Ok guys I am in essence a shade tree machinist. I really like making stuff in my shop but I have a question and can not seem to find out answer.  My mill has the magnetic on/off witch with the forward and reverse attached to the side of it. The switch will not stay in the on position by itself. I ended up by passing the safety switch that was on the side of the mill just to see if the safety switch was bad but the on switch will still not stay engaged by itself. Is my switch bad or am I overlooking something else in the machine.

Thanks for any help I appreciate it.


----------



## dave2176 (Nov 20, 2013)

There is not much information about this mill that I can find. The manual is more a general description with rudimentary line drawings. It appears to be a typical RF45 clone so it should have a power button that engages a contactor which powers up other switches/contactors and then forward and reverse buttons and stop button. On my RF45 clone (Grizzly G0755) the power/forward/reverse buttons are momentary contact and they cause the contactors to power the motor. The stop button will release the forward/reverse contactors. The e-stop button cuts power to all contactors.

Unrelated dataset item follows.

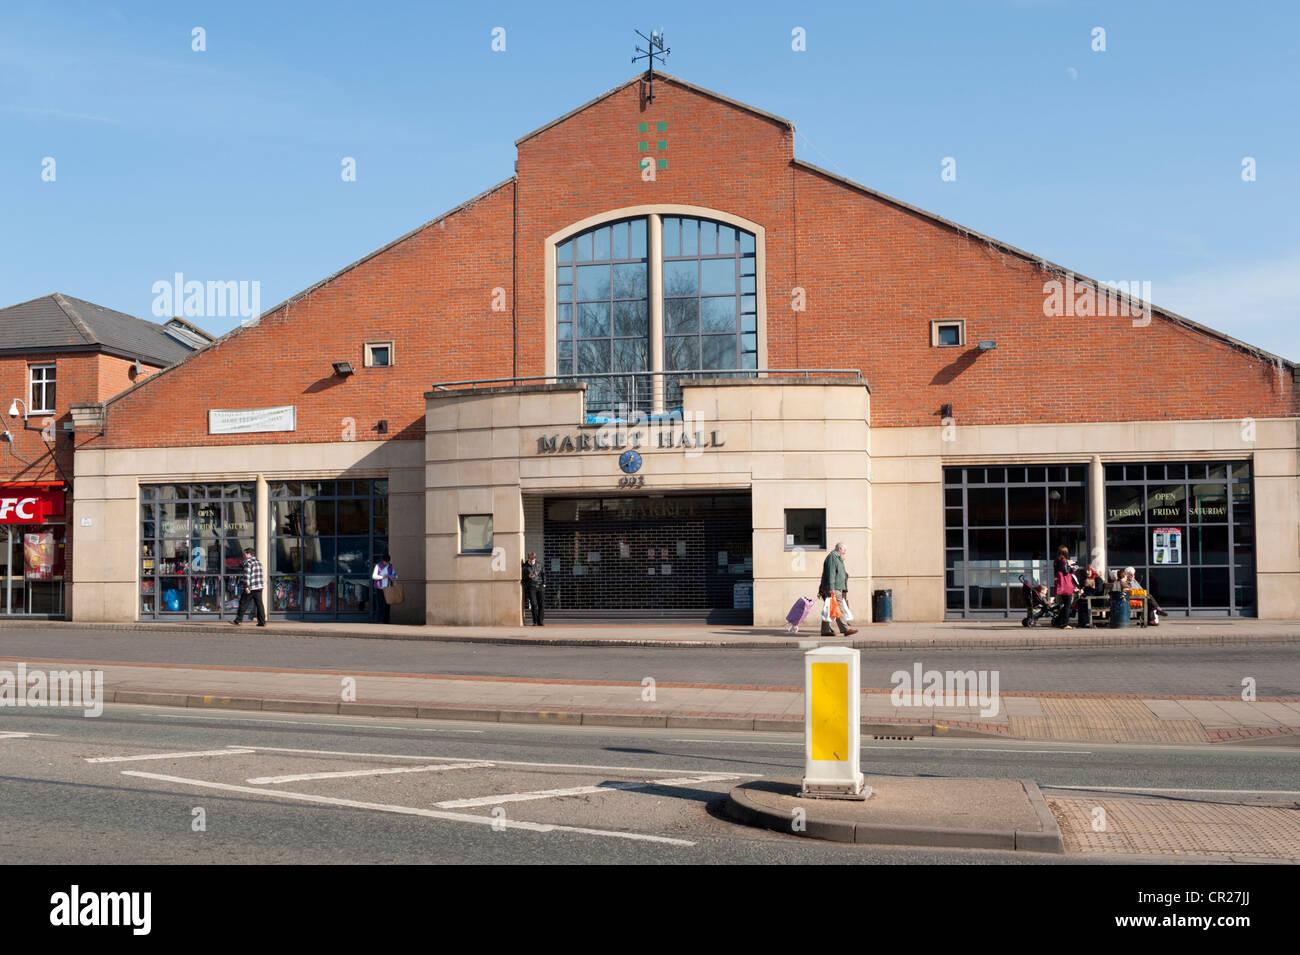 The Market Hall, Market Harborough, Leicestershire, England, UK - Stock Image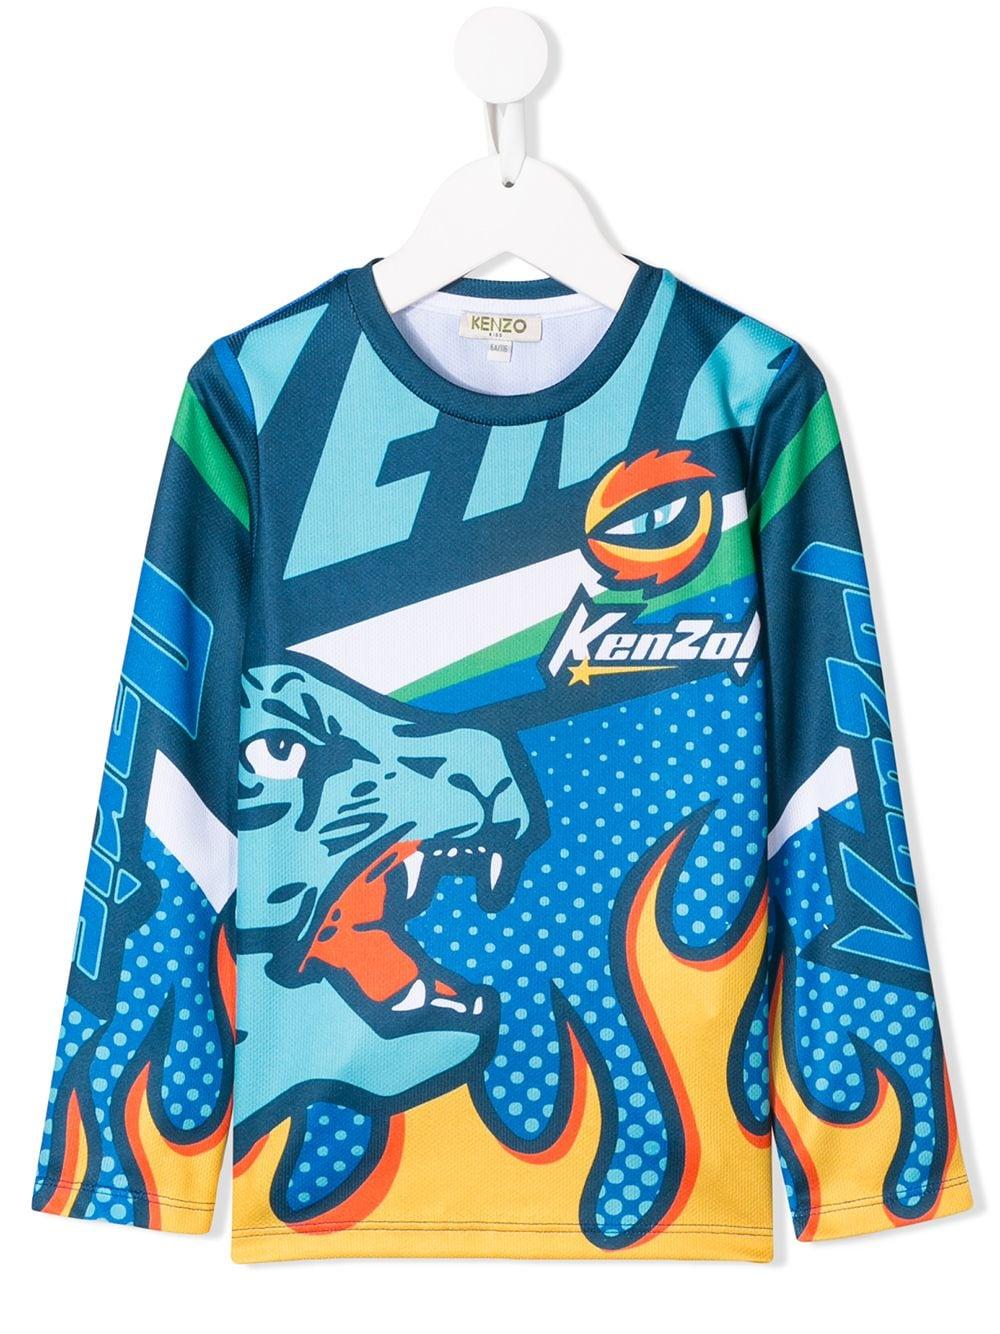 KENZO Kids | Kenzo Kids футболка с длинными рукавами и принтом пламени | Clouty

If I were in your shoes I would use a volt meter and diagram as best you can the way switches and contactors are functioning. You may be able to compare what you learn to other similar models like the Grizzly, PM or Enco documentation and then come up with the cause of your issue.

Good luck in your quest.
Dave


----------



## xalky (Nov 20, 2013)

It sounds to me like there's a holding circuit in there to hold the contacter closed. Either the contactor coil is dead or it's not wired correctly, or maybe a wire came loose. If you can't find anything loose, my bet is that the relay coil is dead. Unless somebody else had there grubby paws in there before you.


----------



## smokeeater908 (Nov 21, 2013)

xalky said:


> It sounds to me like there's a holding circuit in there to hold the contacter closed. Either the contactor coil is dead or it's not wired correctly, or maybe a wire came loose. If you can't find anything loose, my bet is that the relay coil is dead. Unless somebody else had there grubby paws in there before you.



There is no wires loose and I was wandering the same thing, Bob is going to send me a switch from lathemaster so we will see if that takes care of it


----------



## rdhem2 (Nov 21, 2013)

Sir;
Does the mill run when you activate the switch and then stop when you release the switch?


----------